An Early Start Will Cost a Little Less
In 1998, the Energy Information Administration released a report that estimated that complying with the Kyoto Protocol would cost the United States $64 billion per year. The study assumed that the U.S. would begin to comply with the protocol in 2005 and reach its target of reducing greenhouse gas emissions by 7 percent below 1990 levels by 2008 to 2012.
The EIA has just completed a new report at the request of House Committee on Science that would change the starting date from 2005 to 2000 to see if that would have any effect on the cost of reducing greenhouse gas emissions. EIA looks at a range of scenarios from an increase of emissions of 24 percent over 1990 levels (1990+24%) to the minus 7 percent (1990-7%) as required under Kyoto. The study finds that an “early start date reduces the carbon price in 2010 for each of the carbon reduction cases.” The 1990-7% case, for example, would see a reduction of the carbon price from $349 per metric ton to $310 per metric ton.
“With an earlier start date,” says the study, “the economy experiences a loss in gross domestic product beginning in 2000 as higher prices increase the prices of goods and services throughout the economy; however, the early start date smooths the transition of the economy to a longer run target.” The study finds that the “projected cumulative impacts” on actual GDP between the years 2000 and 2020 is over $2.6 trillion if reductions begin in 2005 and just under $2.5 trillion under an early start scenario.
The report also indicates that using a net present value calculation (discounting) the cumulative discounted impacts are larger in the early start cases. Using a 7 percent discount rate the EIA finds that impacts by 2020 will be nearly $1.3 trillion for the 2005 start and over $1.4 trillion for the early start. The report concludes, “although the cumulative impacts on GDP are similar, the early start cases involve a tradeoff. The peak impacts are less severe in the early cases, but they occur earlier.” There is little difference in the overall costs of the two scenarios. The report can be downloaded from www.eia.doe.gov.

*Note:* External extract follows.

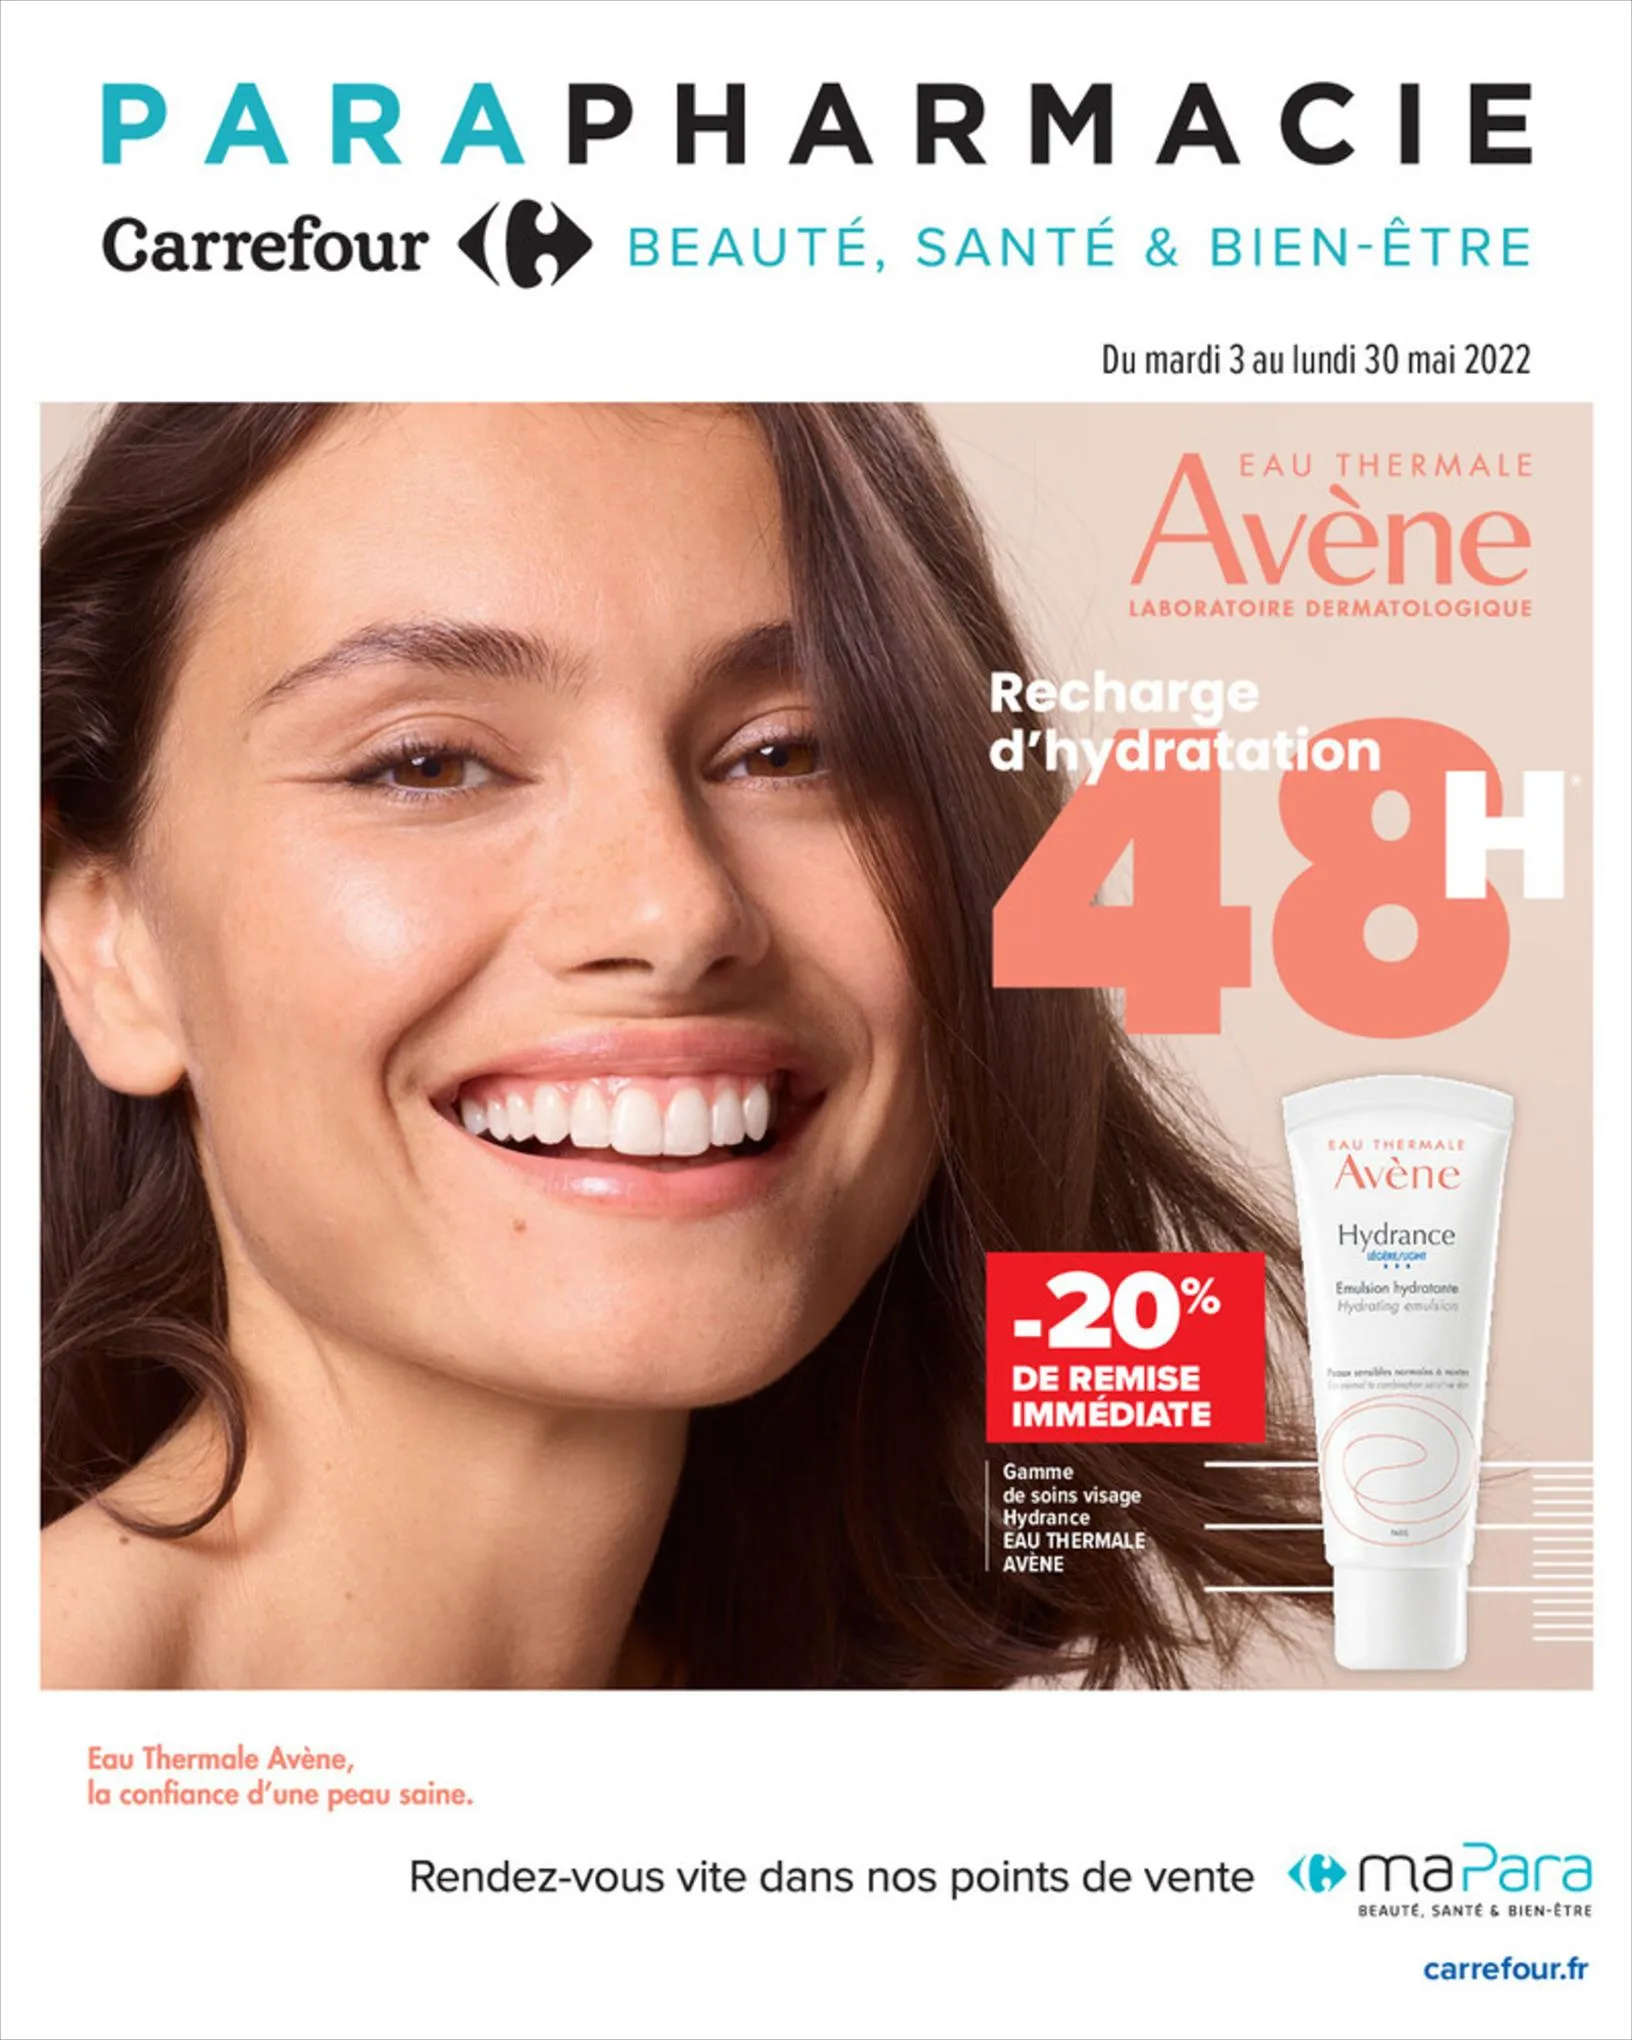 Catalogue Catalogue Carrefour Drive, page 00001

Technology as a Long Term Solution
The Clinton Administration claims that the development of energy efficient technologies is the solution to the global warming problem. It also claims that the technologies necessary to meet the targets set under the Kyoto Protocol are already available and just need to be put into use.
A new report by the Business Roundtable (BRT) agrees that technology is the key, but only in the long run. The report reaffirms BRTs opposition to the Kyoto Protocol. The protocol, says the report, “does not include developing countries, it would have a negative impact on the U.S. economy and it would bring no significant global environmental benefit.”
Although new technology “constitutes the most effective response to concerns about possible changes in our climate,” says the report, “in the short term, there are no technologies that make plausible the goals sought by the Kyoto Protocol.”
The BRT also recognizes a role for government in developing new technologies, albeit a small one. “A central policy tenet is that governments cannot foster private sector technology advancement by picking winners and losers,” says the report. “Instead, a central role for government is to ensure its policies are coordinated and consistent, and that unintended regulatory, policy and tax impediments to innovation are remedied.”
The report also points out that a necessary prerequisite to innovation is robust economic growth. Without the financial means to invest in R&D, there is no technological progress. Moreover, developing countries will not be able to benefit from new technologies unless they become wealthier. The report can be downloaded from www.brtable.org.